Let’s grab our chance to be Singapore on Thames... and on the Irwell, the Mersey, the Clyde and the Tyne as well
THOSE who lose in fair democratic contests are entitled to be disappointed and even angry. That is only reasonable. Defeat hurts. But they are not entitled to try to undo the verdict of the polls. In fact it is essential for the smooth running and the survival of democracy that the defeated side concedes. Having conceded, they can then have a healthy discussion about why they lost.
When political parties are beaten, they generally go through a period of self-examination and reform, which often ends in them returning to power. Frequently they realise that they need to modernise their manifestos and abandon played-out obsessions if they are to get back into the power game.
Alas, this process is not possible after a referendum, as it would be after an Election.

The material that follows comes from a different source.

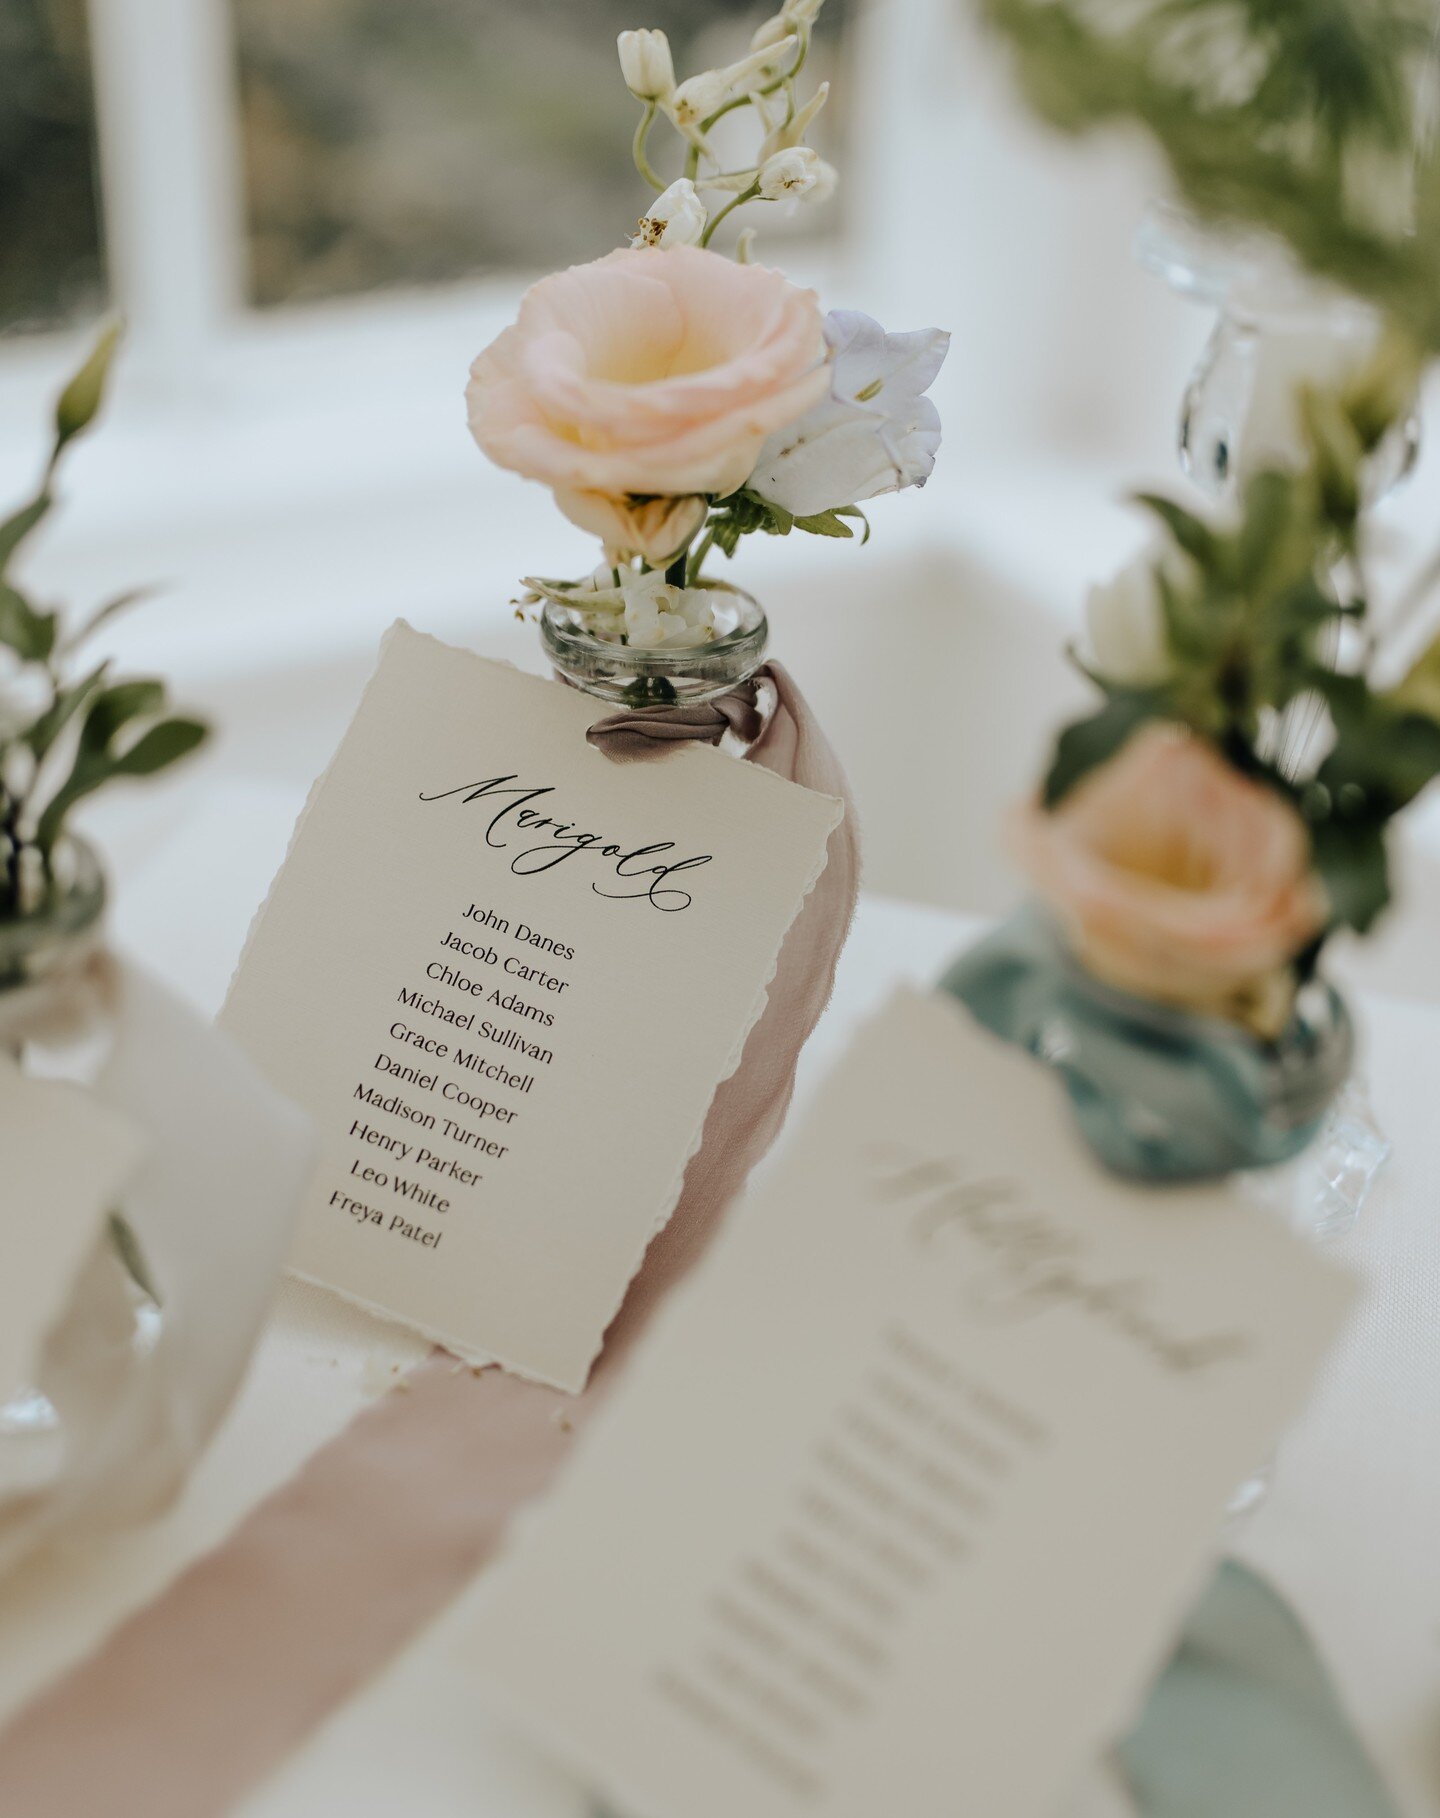 Table plan, but make it unique 🌸 I love a fun table plan display - you don't need to stick to signage if you fancy something a bit outside of the box and creating a point of interest at your wedding reception.

One of my favourite table plan display

For this was not a clash of parties but a clash of two increasingly separate parts of Britain, which really ought to come together again for the sake of the country they both live in and love.
So there was no leadership on the defeated side, ready to take responsibility for the setback, or ready to re-examine its position. There was just a series of Remainer groups all still filled with resentment, while few of them were really interested in reconciling themselves to the post-Brexit world.
So since the British people voted to leave the EU five years ago, far too many Remainers have refused to accept that they were beaten, let alone that they should have been beaten. So they have done all that they could, through the courts, in Parliament and perhaps most of all in pro-EU media, to undermine and frustrate the unquestioned result.
And they are still at it, trying to reverse Brexit, campaigning to return to the uncontrolled immigration of Britain’s EU era. How else can we explain the various shroud-waving panics in which shortages of goods and certain types of worker are all explained by the decision to leave the EU? It is barely possible to watch or listen to the BBC without being exposed to doom-packed descriptions of shortages now, and gloom-tinged warnings of shortages to come.
Well, the people of this country voted decisively for British independence, and also for this country to become a high-wage, high-skilled economy. But still the Europhile classes will use any method they can to take us back to the days of imported cheap labour. How strange it is to see the Labour Party, founded to protect and promote the interests of the working people of this country, still yearning for the days of open borders.
Of course our independence now gives us freedom to tweak immigration and visa regulations to cope with temporary shortages, as every sovereign nation can and should. But that is wholly different from abandoning one of the key aspects of a proper country – the power to decide who can come here and who can live here.
So we must not be deflected from the Government’s mediumterm aim, to ensure proper rewards for British workers and to stimulate the growth of highskilled employment served by a well-educated population.
In a world that does not owe us a living, and in which we must live on our wits rather than resting on our laurels, this is really the only feasible future.
Even the most determined Remainer must come to see, in time, that this is now a viable and essential national policy, and that Britain is better off pursuing it than it was before. In this way we can use Brexit as an opportunity to do things better than we used to do them under the burden of Brussels’ law and regulation.
As the Conservatives gather for their conference in Manchester, one of the birthplaces of our first great Industrial Revolution, the Prime Minister and his Cabinet colleagues have the opportunity and the duty to defend and advance the decision taken by the British people five years ago. Let other European nations, stuck in the outdated model of currency union and centralised, sclerotic regulation, stagnate and tread water. Britain now has the chance to become Singapore-on-Thames – and on the Irwell, the Mersey, the Clyde and the Tyne as well.
The practical benefits of our new status, already demonstrated so brilliantly by the British vaccine triumph, must now be spread so widely that even the most determined Remainers will come to see that leaving was right, and join in the effort to make independent Britain the success it ought to be.